| TASK TO COMPLETE |
Reproduce exactly the lines from the one containing "New Museum Oscar" through the end of the listing, minus the pictures.

| DATA SEGMENT |
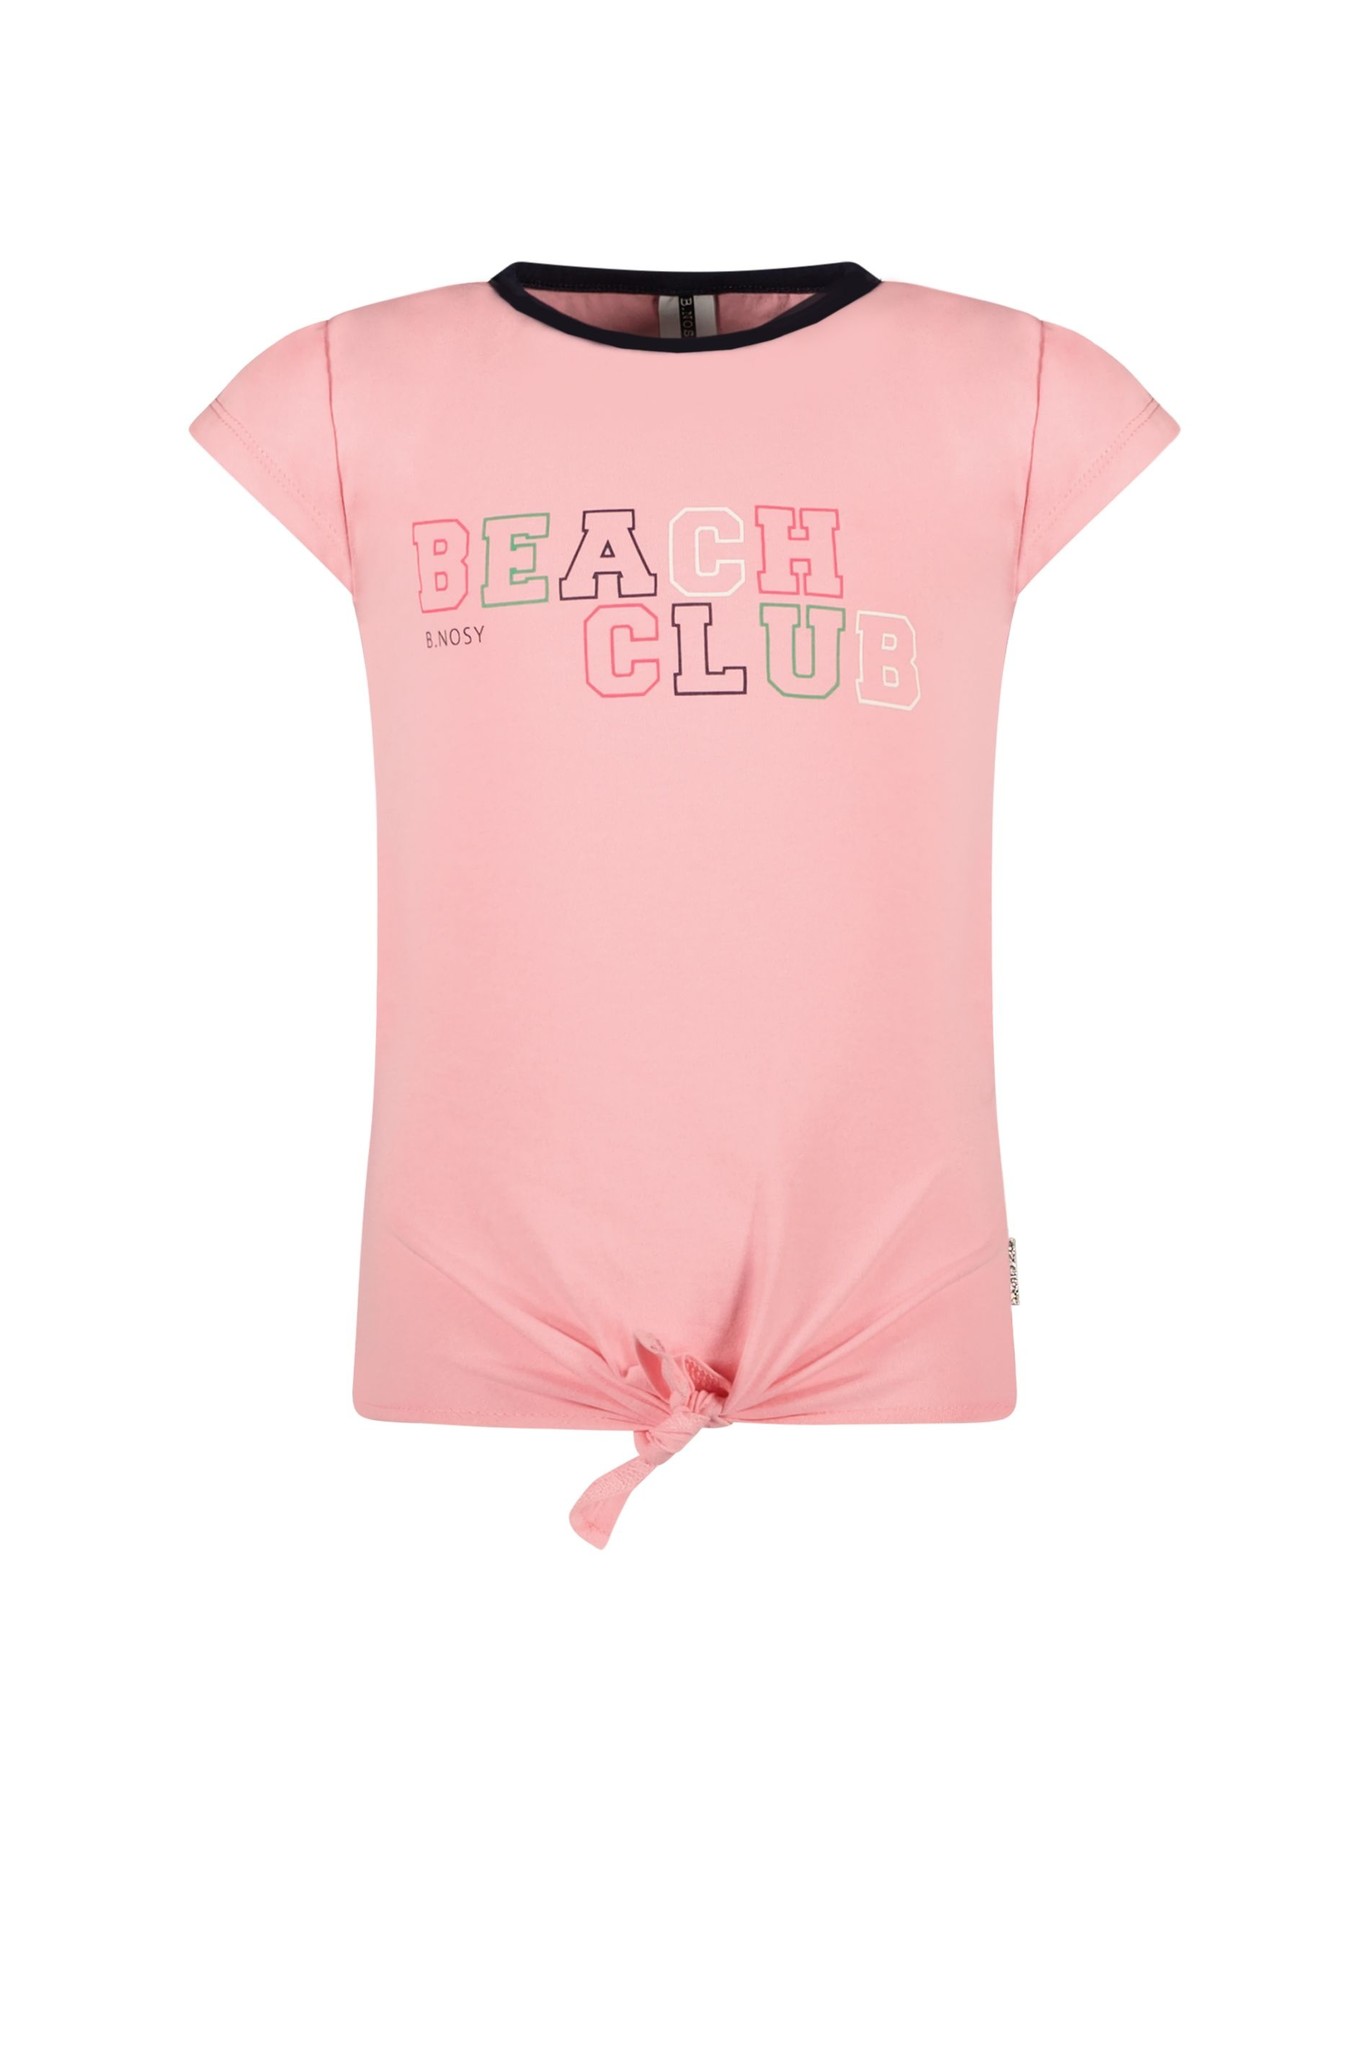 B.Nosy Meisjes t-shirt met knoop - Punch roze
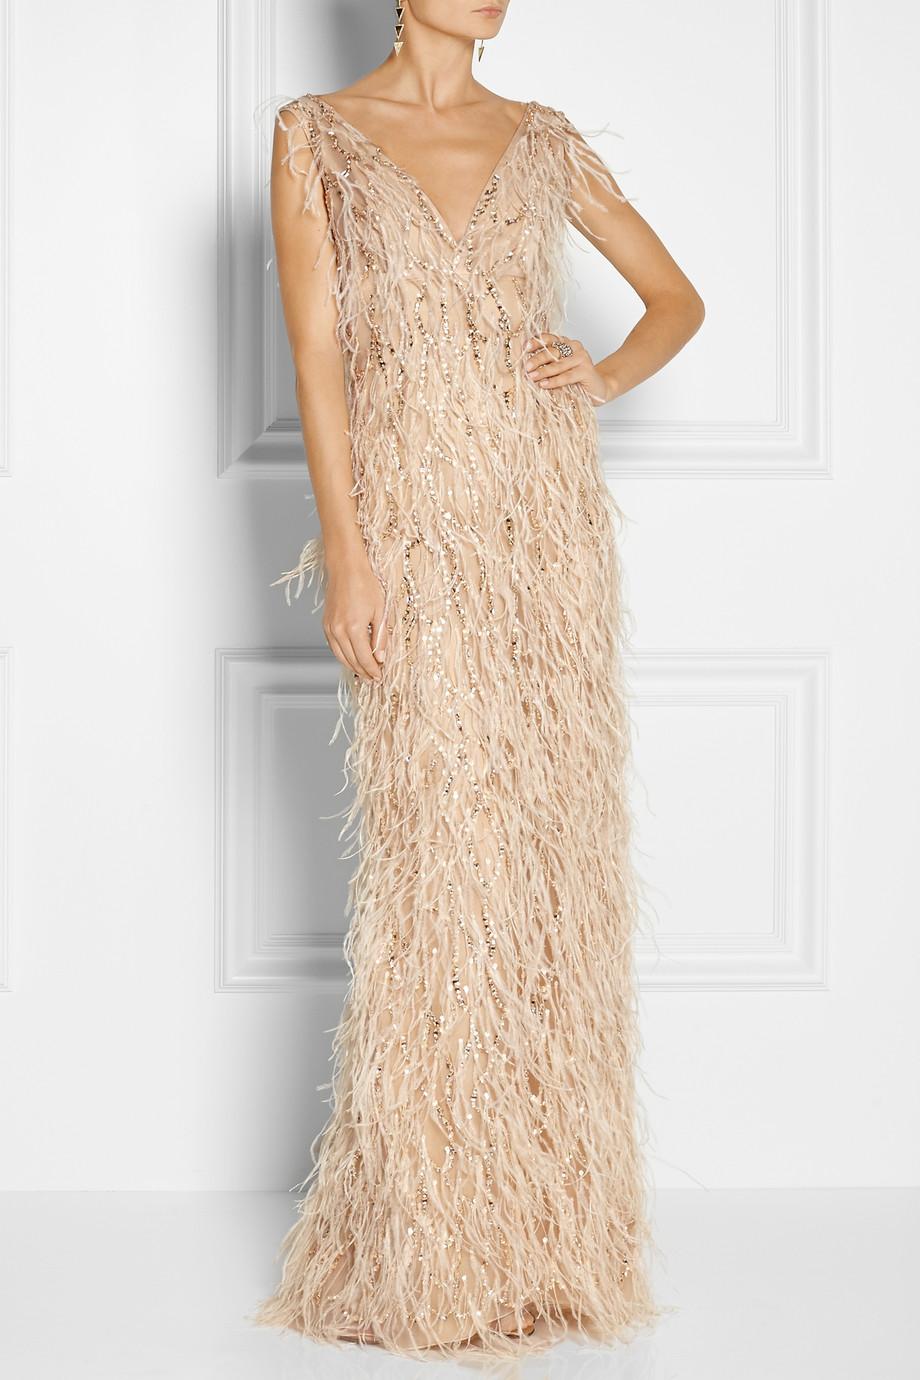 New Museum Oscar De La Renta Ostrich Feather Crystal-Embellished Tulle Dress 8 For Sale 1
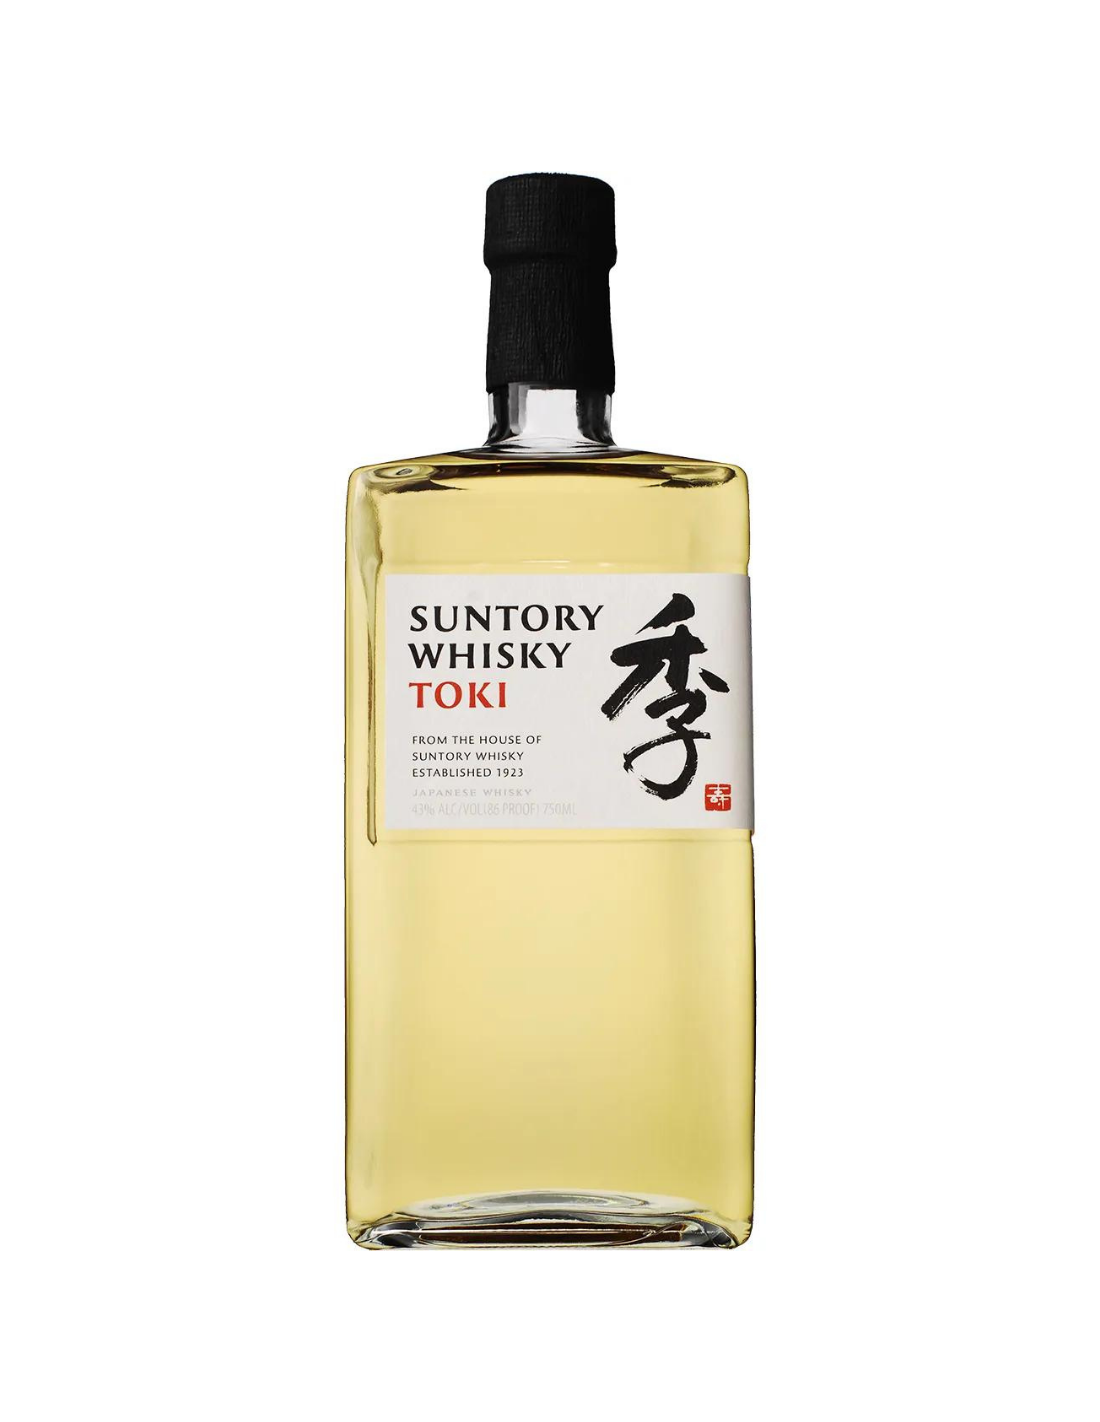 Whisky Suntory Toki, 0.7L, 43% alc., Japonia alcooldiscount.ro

| ANSWER SECTION |
 New Museum Oscar De La Renta Ostrich Feather Crystal-Embellished Tulle Dress 8 For Sale 1
 Whisky Suntory Toki, 0.7L, 43% alc., Japonia alcooldiscount.ro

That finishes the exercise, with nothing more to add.